For what it's worth, I prefer to use a .content extension for things that are presented to the end-user, and an .action extension for things that just process data (along with .style, .script and so on).
Jim Dabell - 6th August 2003 20:37 - #
Thijs van der Vossen - 6th August 2003 22:22 - #
Matt - 6th August 2003 22:41 - #
.../2003/07/clean_url.htmlfrom the server filesystem when a request for the urlhttp://www.vandervossen.net/2003/07/clean_urlis made.

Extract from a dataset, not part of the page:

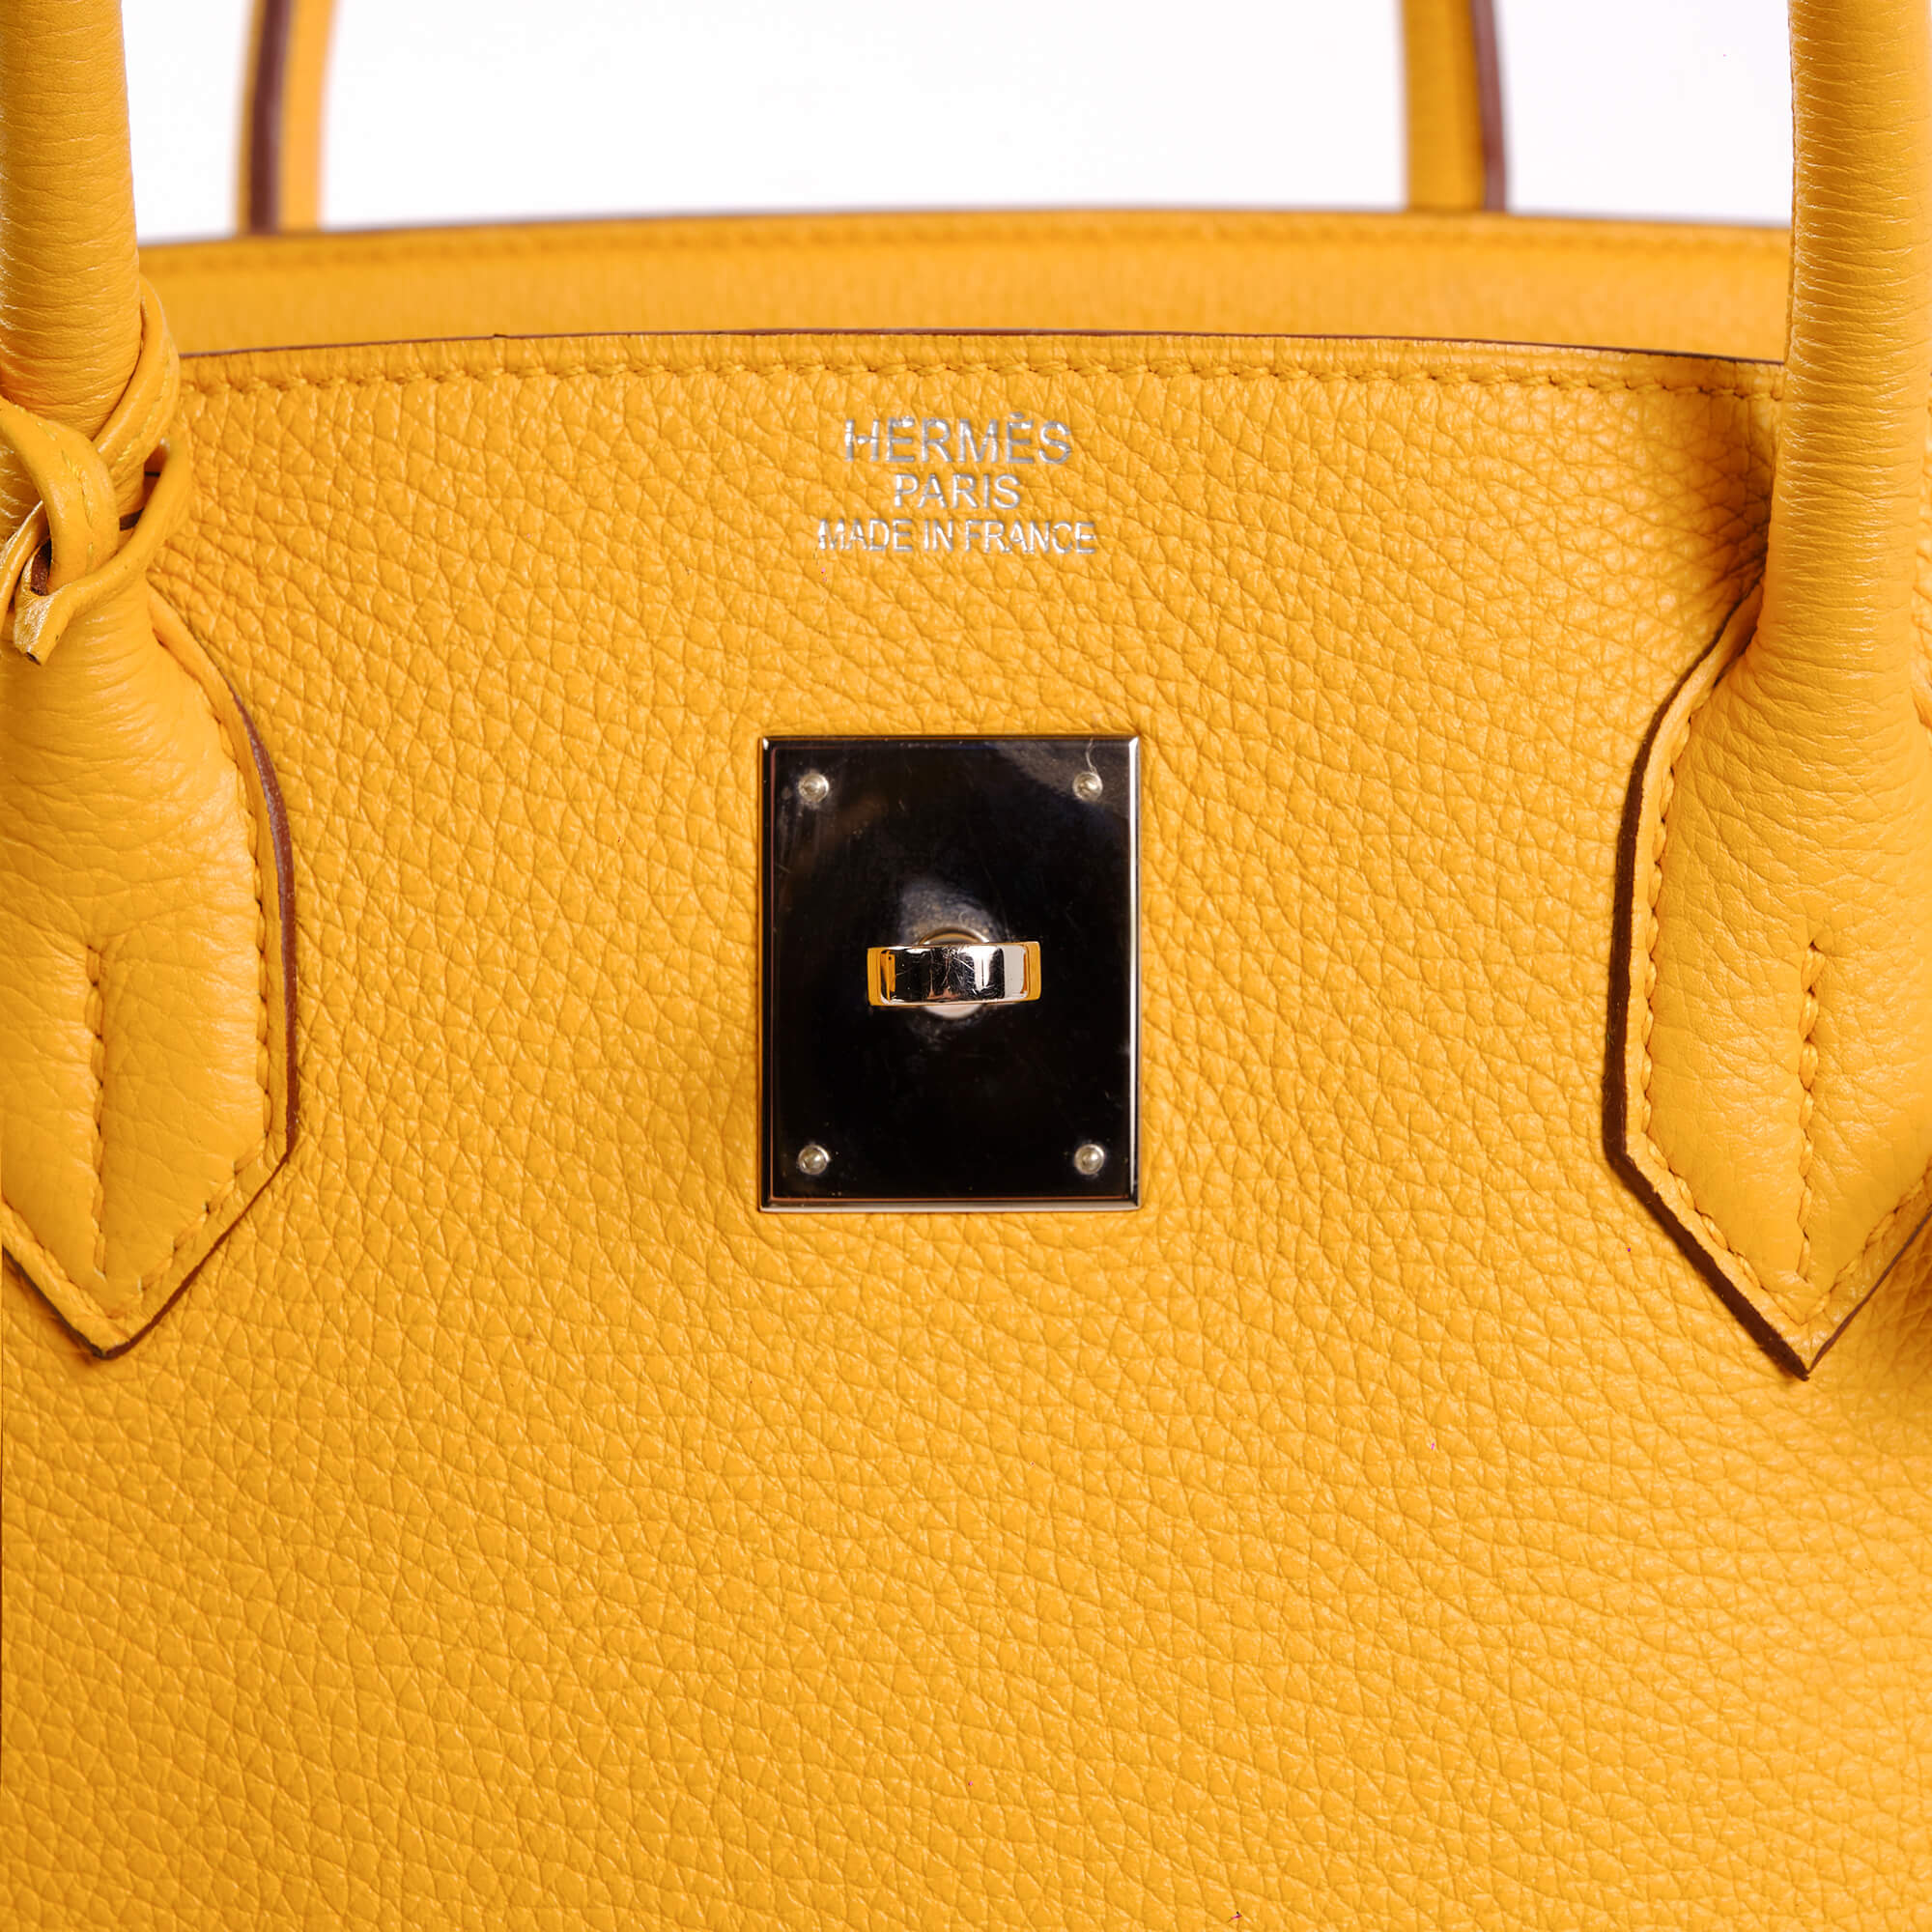 Hermès - Authenticated Birkin 40 Handbag - Leather Yellow for Women, Good Condition
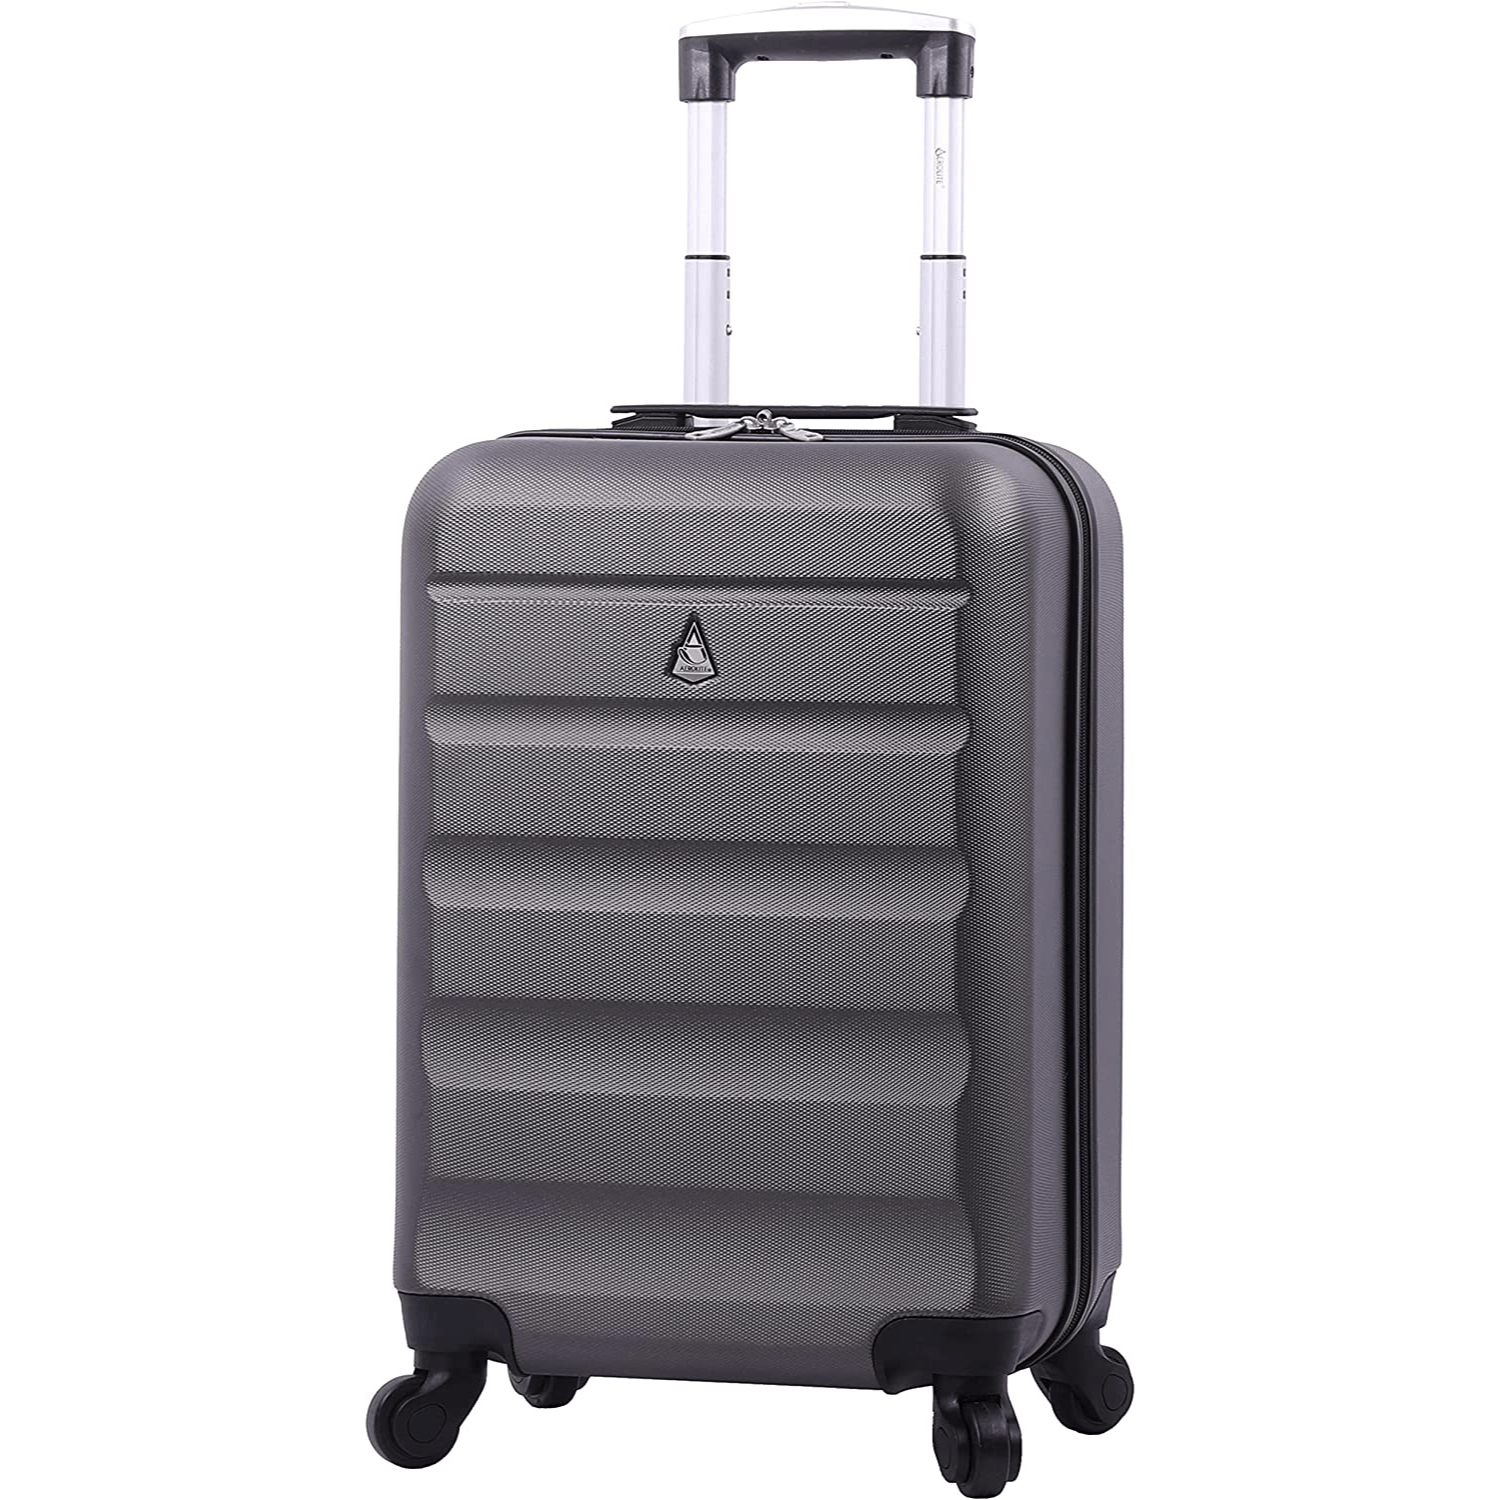 Aerolite (55x35x25cm) Hard Shell Carry On Hand Cabin Luggage Suitcase with 4 Wheels, Max Size for Air Europa, Air France, Alitalia, KLM & Transavia - Aerolite UK

Adding a [R] to the last rule would redirect clients requestinghttp://www.vandervossen.net/2003/07/clean_urltohttp://www.vandervossen.net/2003/07/clean_url.html, but that's exactly what I don't want to do.Thijs van der Vossen - 6th August 2003 22:58 - #
RewriteEngine On
# / or index.html is requested so call delegator.php with a special parameter
RewriteRule ^$ delegator.php?url=index/&host=%{HTTP_HOST}&from=%{ REQUEST_URI}index/ [QSA,L]
RewriteRule ^index\.html$ delegator.php?url=index/&host=%{HTTP_HOST}&from=%{ REQUEST_URI} [QSA,L]
# then if we have a request which is neither file nor dir send the request to delegator.php
RewriteCond %{REQUEST_FILENAME} !-f
RewriteCond %{REQUEST_FILENAME} !-d
RewriteRule (.*) delegator.php?url=$1&host=%{HTTP_HOST}&from=%{REQU EST_URI} [QSA,L]
This catches anything which is not a file, if you put it into a directory (within .htaccess of course). Please see discussion on sitepointforums for more details. http://www.sitepointforums.com/showthread.php?thre adid=117103
PS: Simon, the textarea for posting is way too small and no PRE tag is allowed :(
Sasa Velickovic - 6th August 2003 23:05 - #
There are a few issues here. Firstly, there's the thought that a .html extension is not portable when you want to switch to PHP or something. This is not true. File extensions mean nothing in terms of HTTP. You can configure a server to run .html files through PHP easily.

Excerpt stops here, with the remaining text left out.